Either one works, use whichever is more convenient based on what data you are given. 

## Interpretation of a ChiSq Test
Alright so what does this all mean though. We have a significant test, but what does that really tell us. We can use the standardized residuals to tell us a little bit more. Basically, standardized residuals > 1.96 are significant at p < 0.05, sresids > 2.58 are significant at p < 0.01, and sresids > 3.29 are significant at p < 0.001. If we look through our table, we see that we have significant sresids in 3 out of 4 cells.

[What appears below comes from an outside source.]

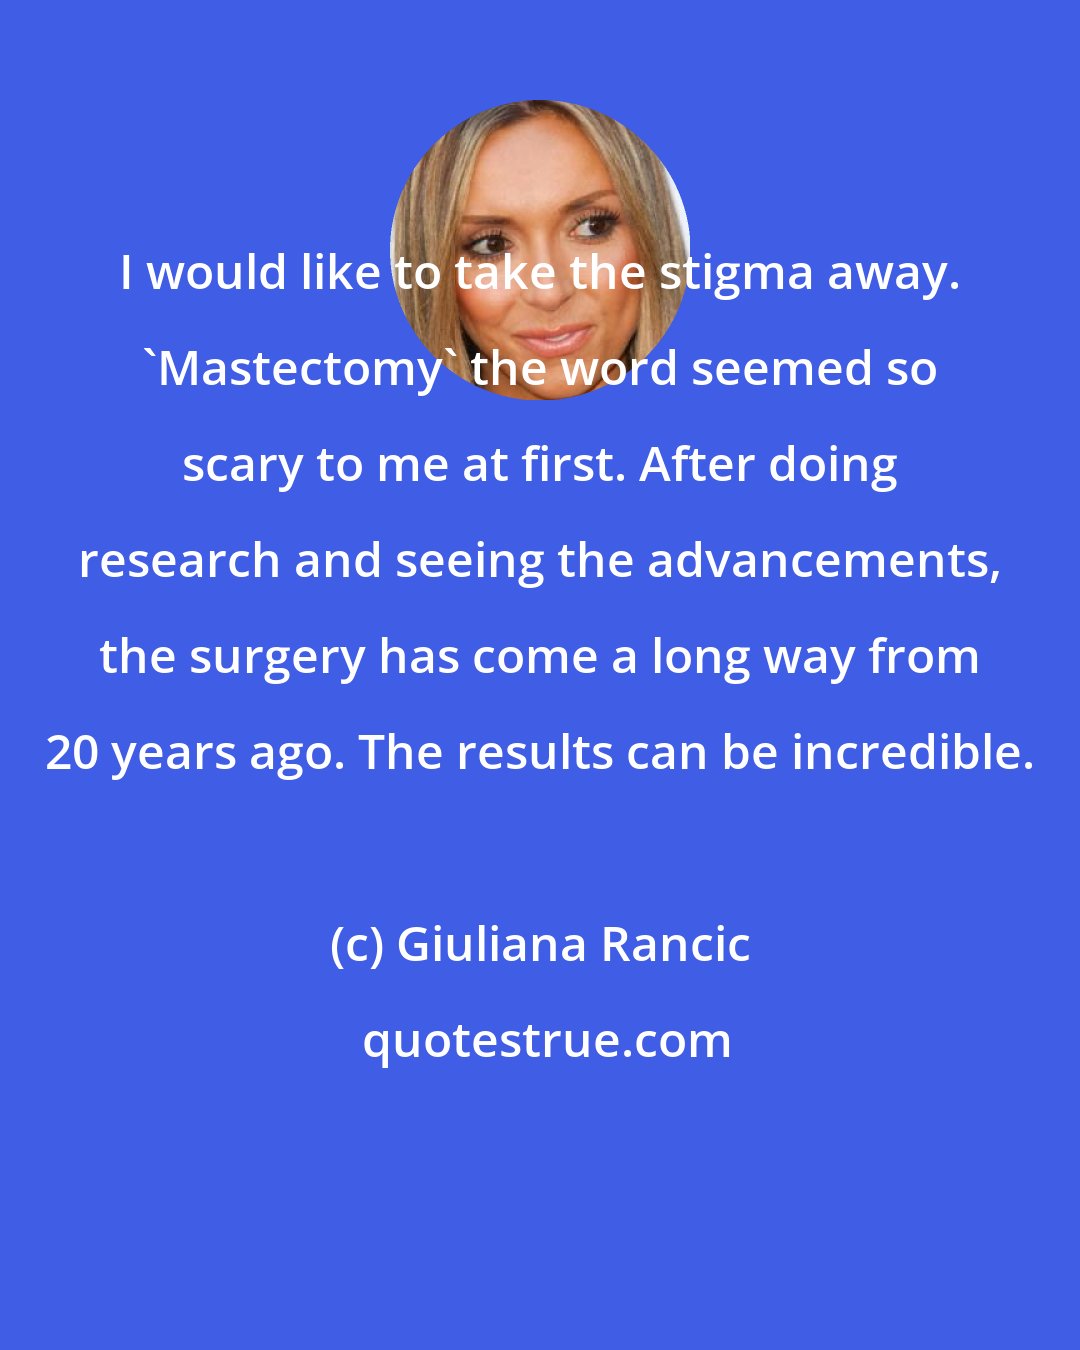 Giuliana Rancic: I would like to take the stigma away. 'Mastectomy' the word seemed so scary to me at first. After doing research and seeing the advancements, the surgery has come a long way from 20 years ago. The results can be incredible.

If an sresid is significant, that means the true value of that cell was significantly higher or lower than what was predicted based on the sign. For this example, Treatment:Present and Placebo:Not Present combinations had significantly lower values than what was expected and Placebo:Present had a significantly higher frequency than what was expected.

### Odds Ratio
One other useful metric is the odds ratio, essentially an effect size for the association. The calculated odds ratio, its confidence interval, and p-value can all be found under the Fisher's Exact Test section. For this, we have an odds ratio of 0.07. This means that the treatment group has odds of the bacteria being present 0.07 times lower than the placebo group. 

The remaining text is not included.